(Stored items)
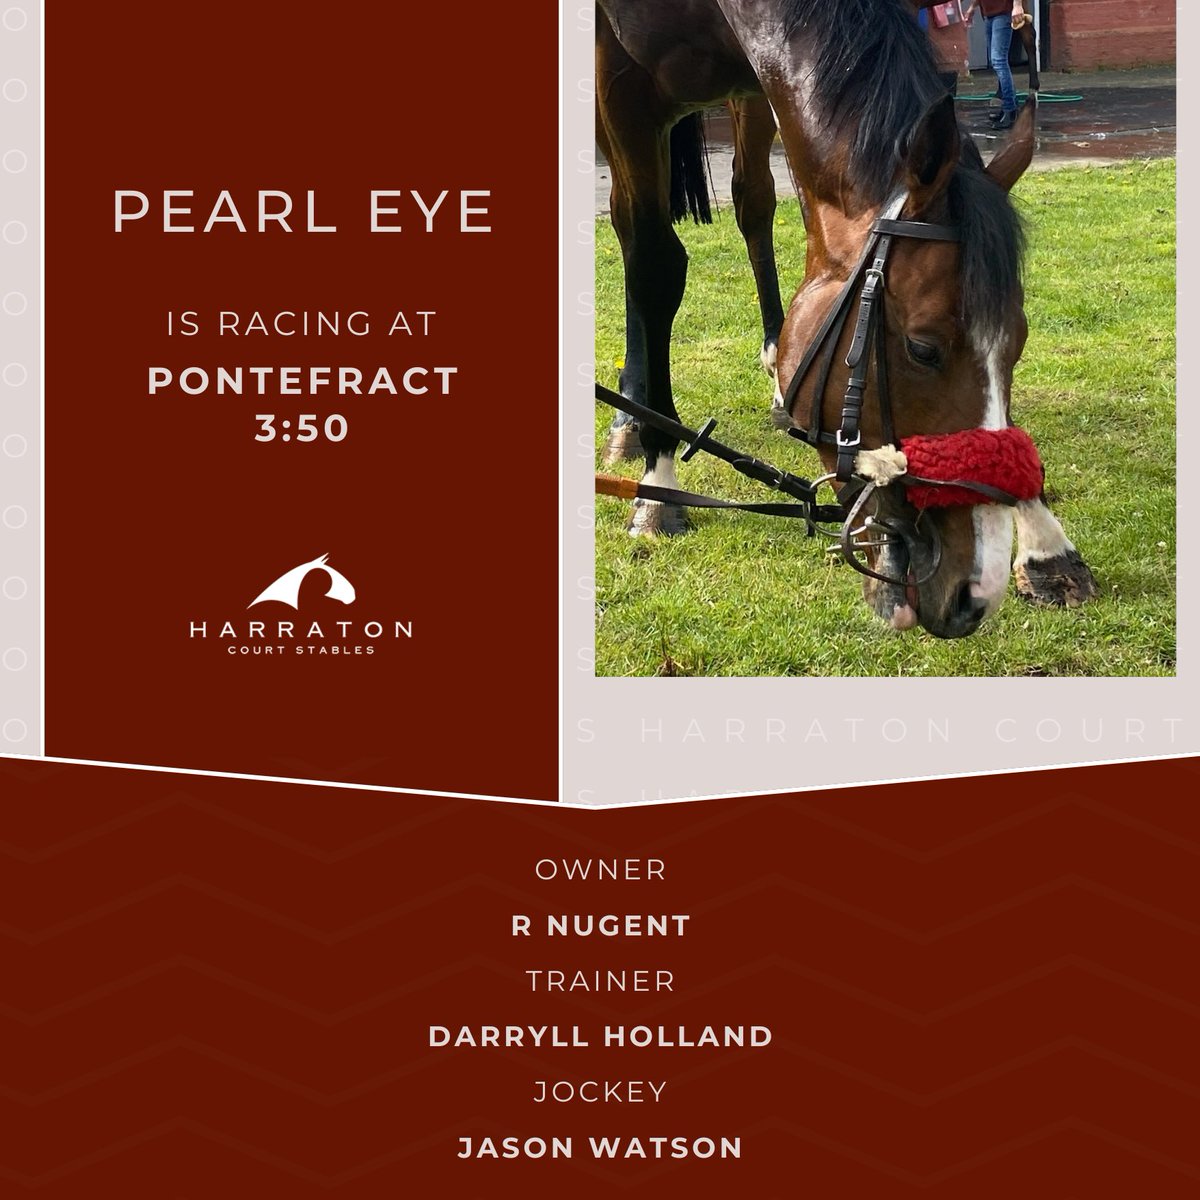 Pearl Eye is racing at Pontefract 3.50 Good luck to owner R Nugent, trainer #DarryllHolland and jockey @_JasonWatson #PearlEye #Winner
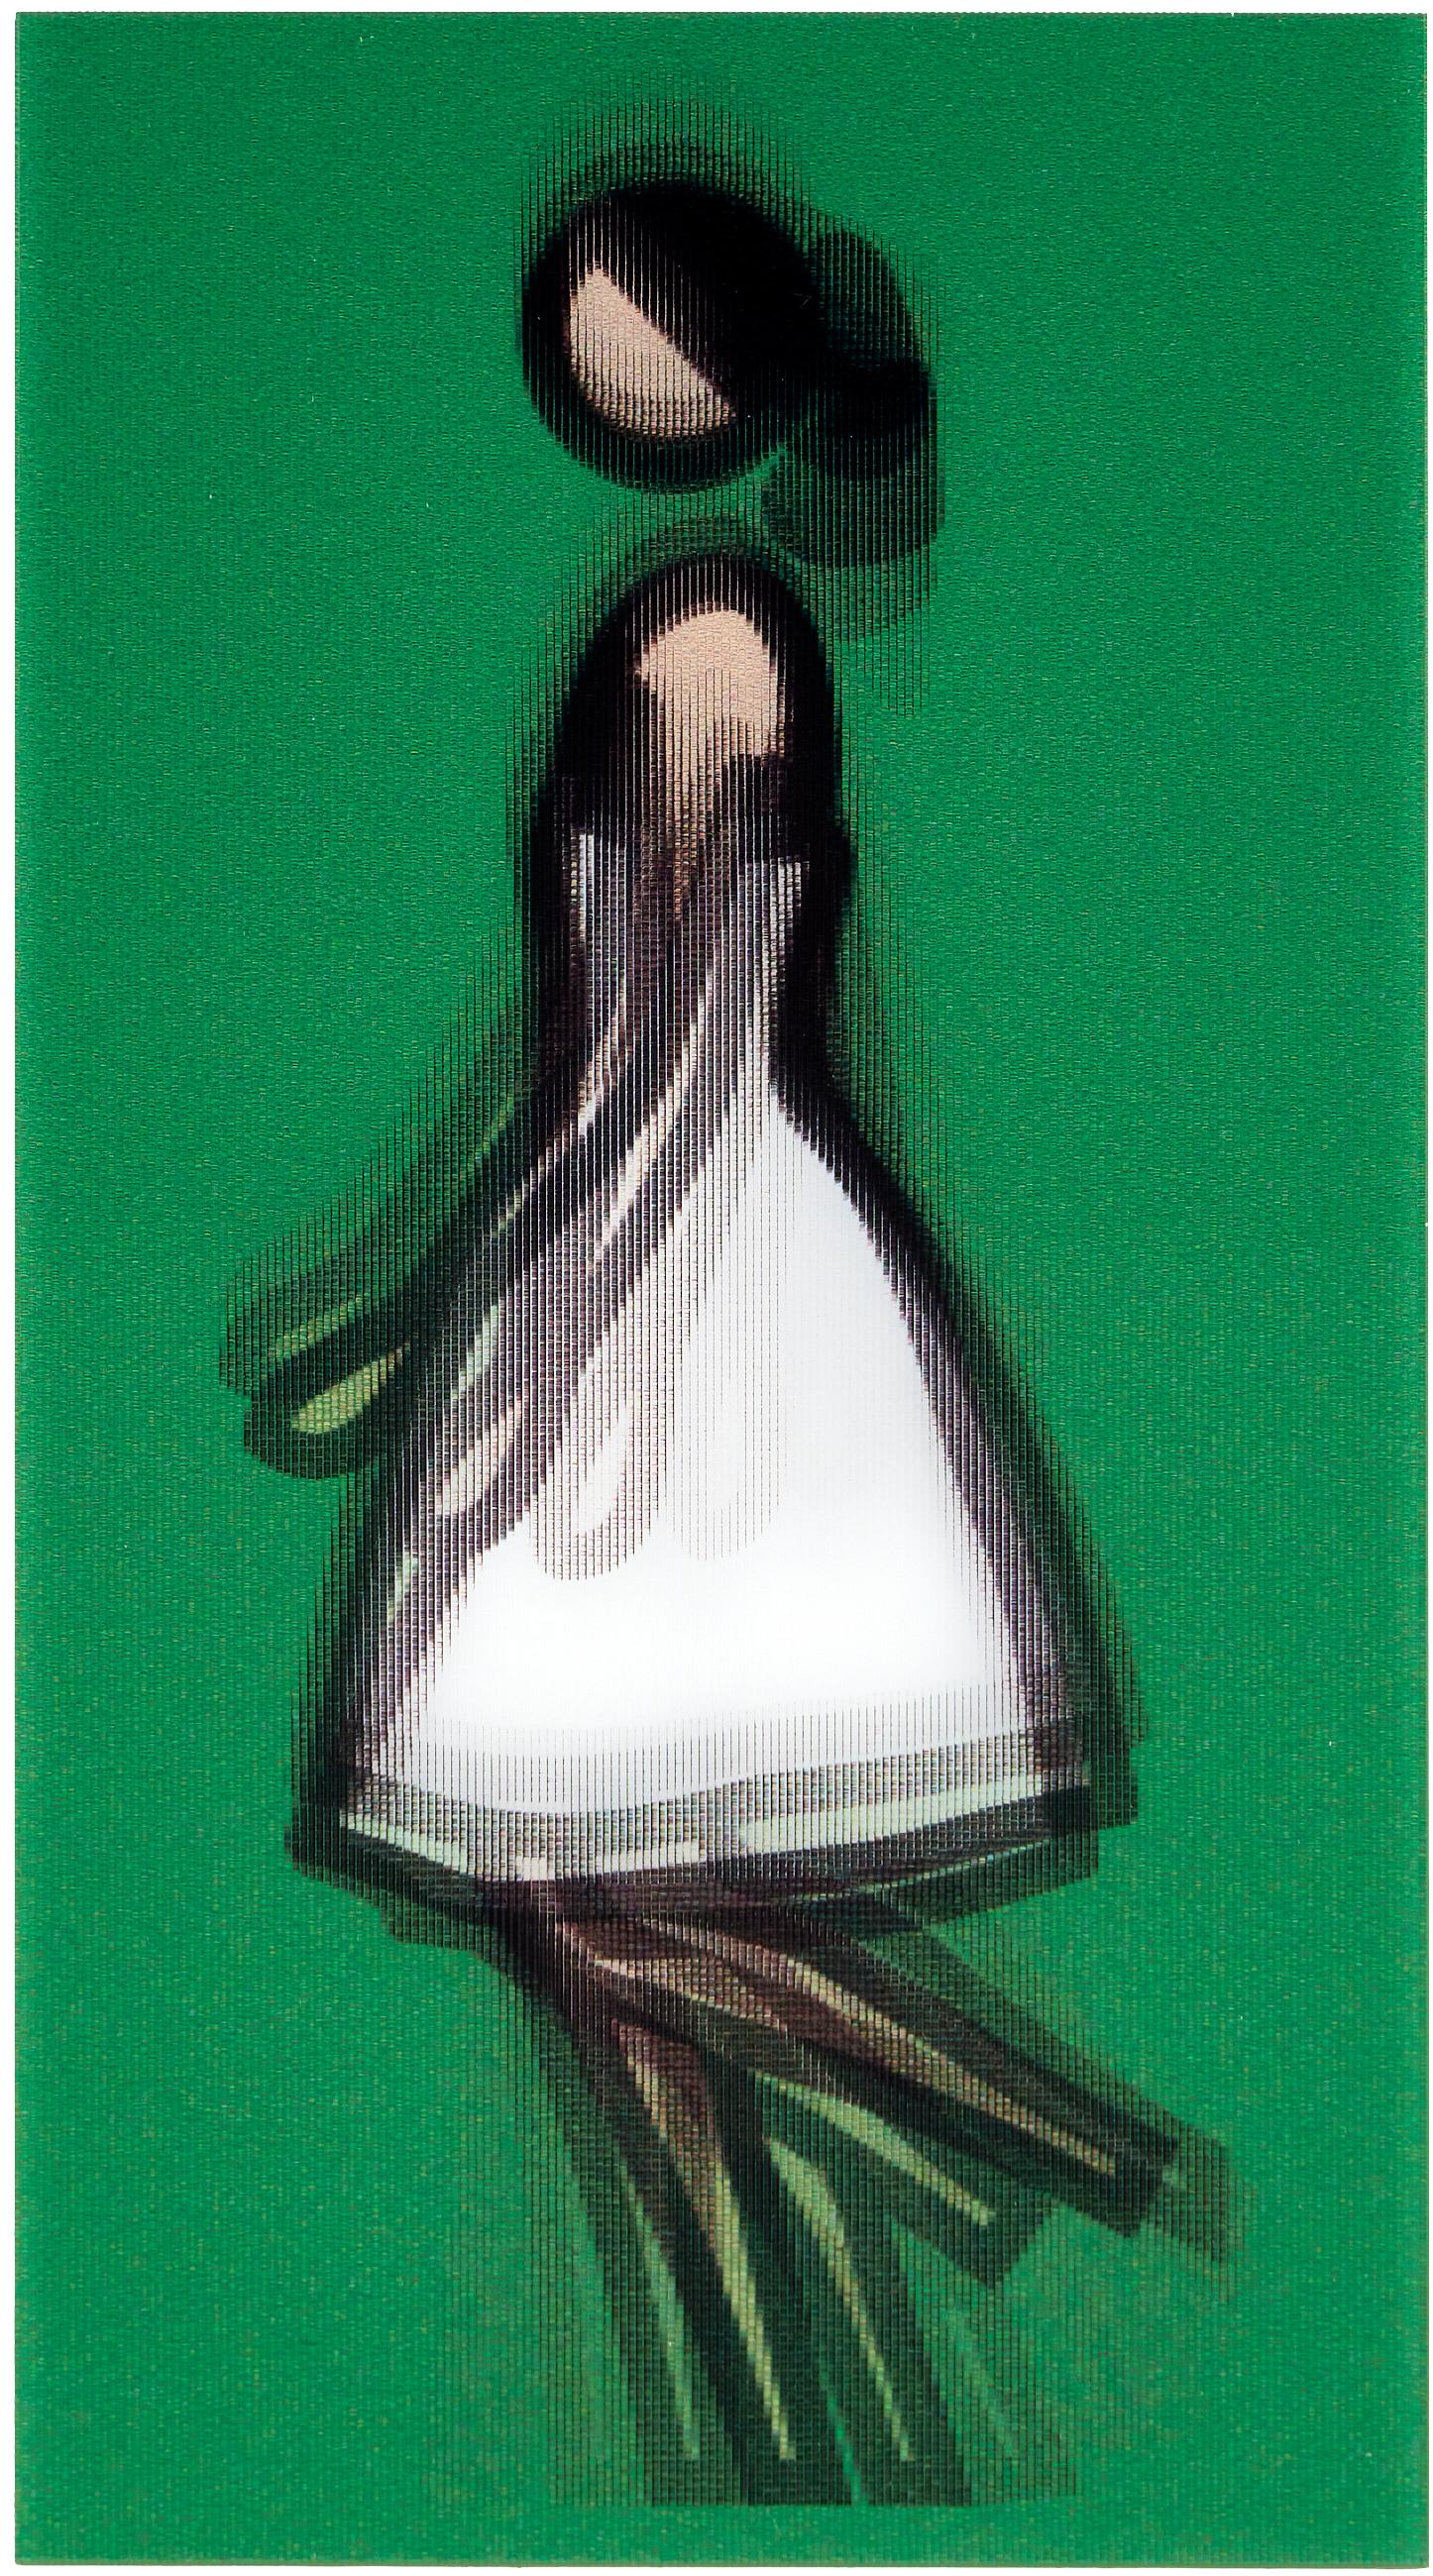 Amelia -- Lenticular, Woman Figure, Moving, Pop Art by Julian Opie
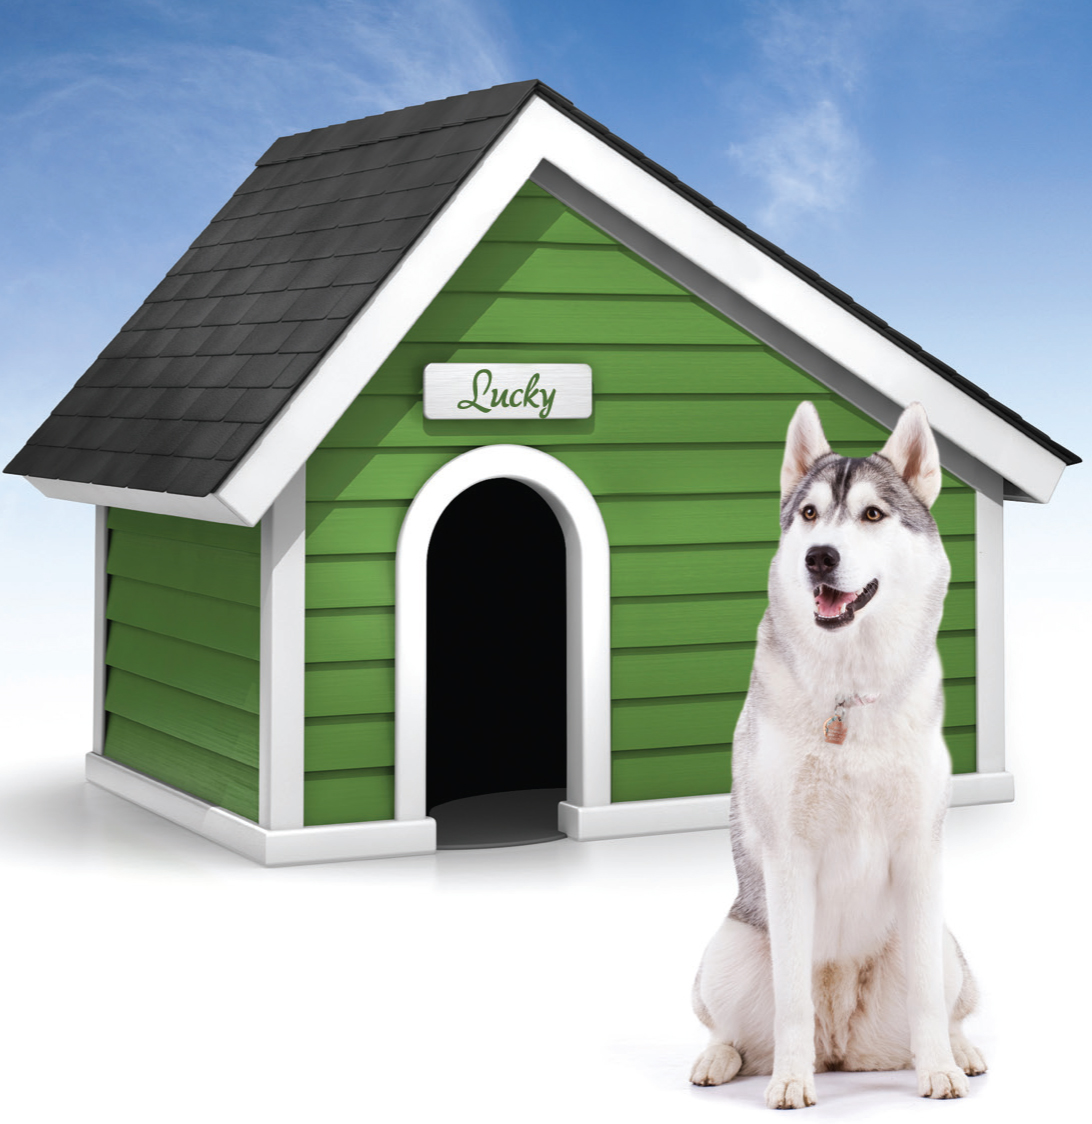 The dog house demo dog houses info. Будка для собаки хаски. Дом для собаки. Красивые собачьи будки. Собака с конурой.
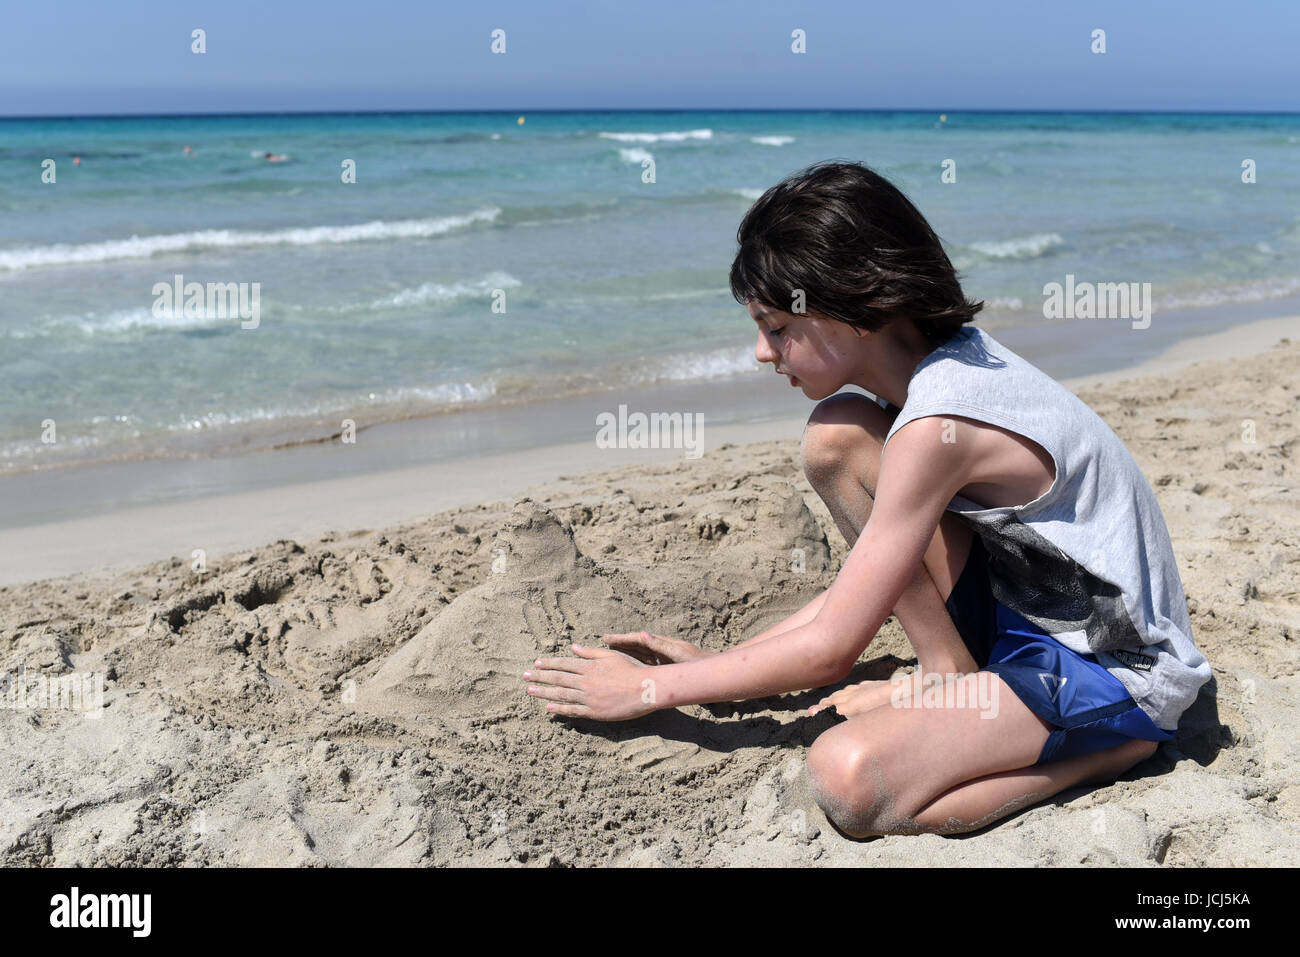 Chico de escultura en arena en una playa de arena fina, Menorca, España Foto de stock
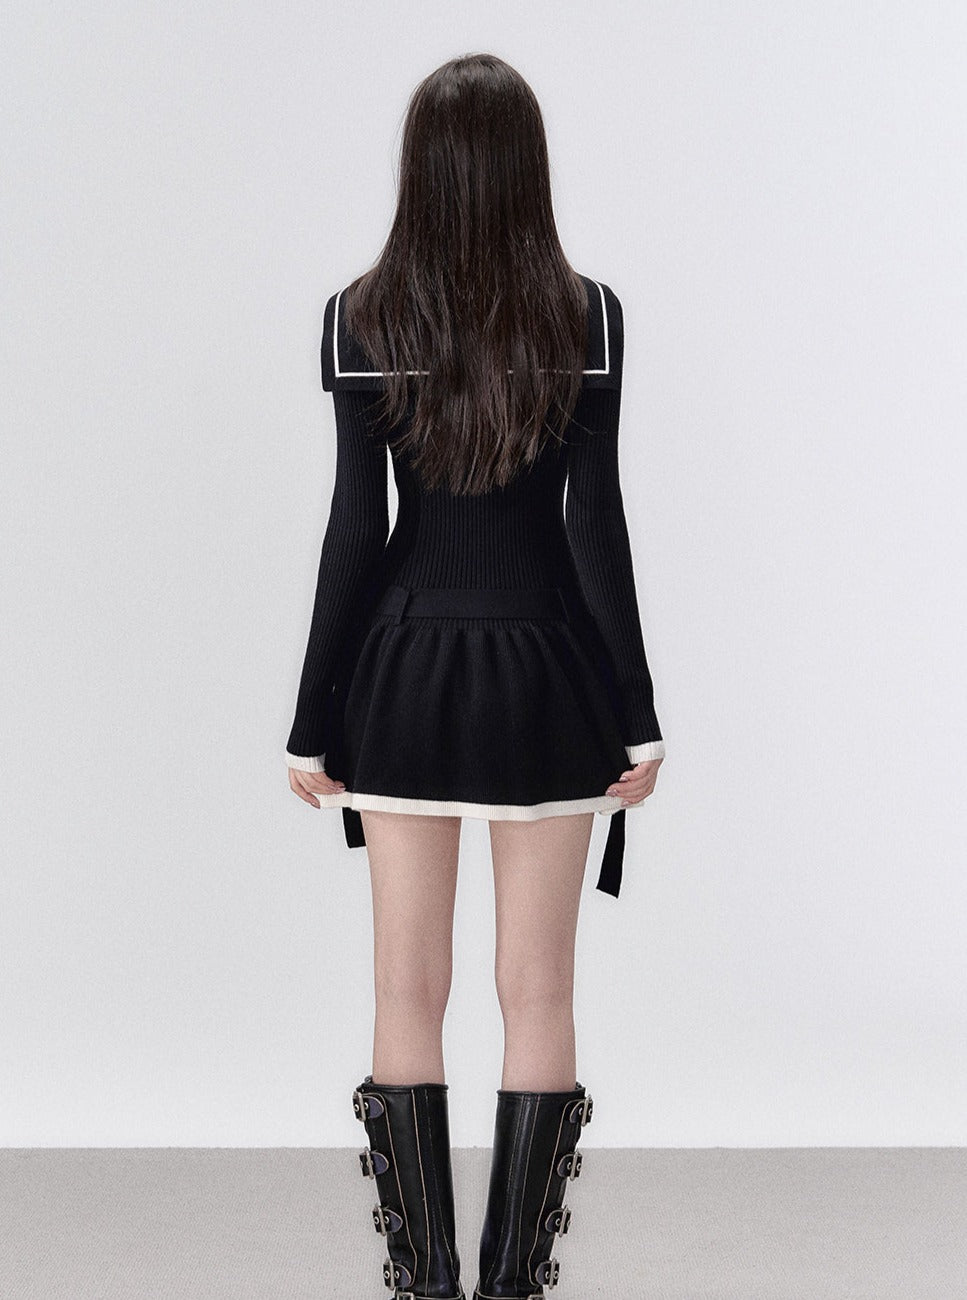 Dark black knit dress

**Task:**
Repeat each line word for word, from the one with "Amelia -- Lenticular, Woman" down to the last line of the data, and keep the pictures out of it.

**Exercise solution:**
 Amelia -- Lenticular, Woman Figure, Moving, Pop Art by Julian Opie
 The dog house demo dog houses info. Будка для собаки хаски. Дом для собаки. Красивые собачьи будки. Собака с конурой.
 Chico de escultura en arena en una playa de arena fina, Menorca, España Foto de stock
 Dark black knit dress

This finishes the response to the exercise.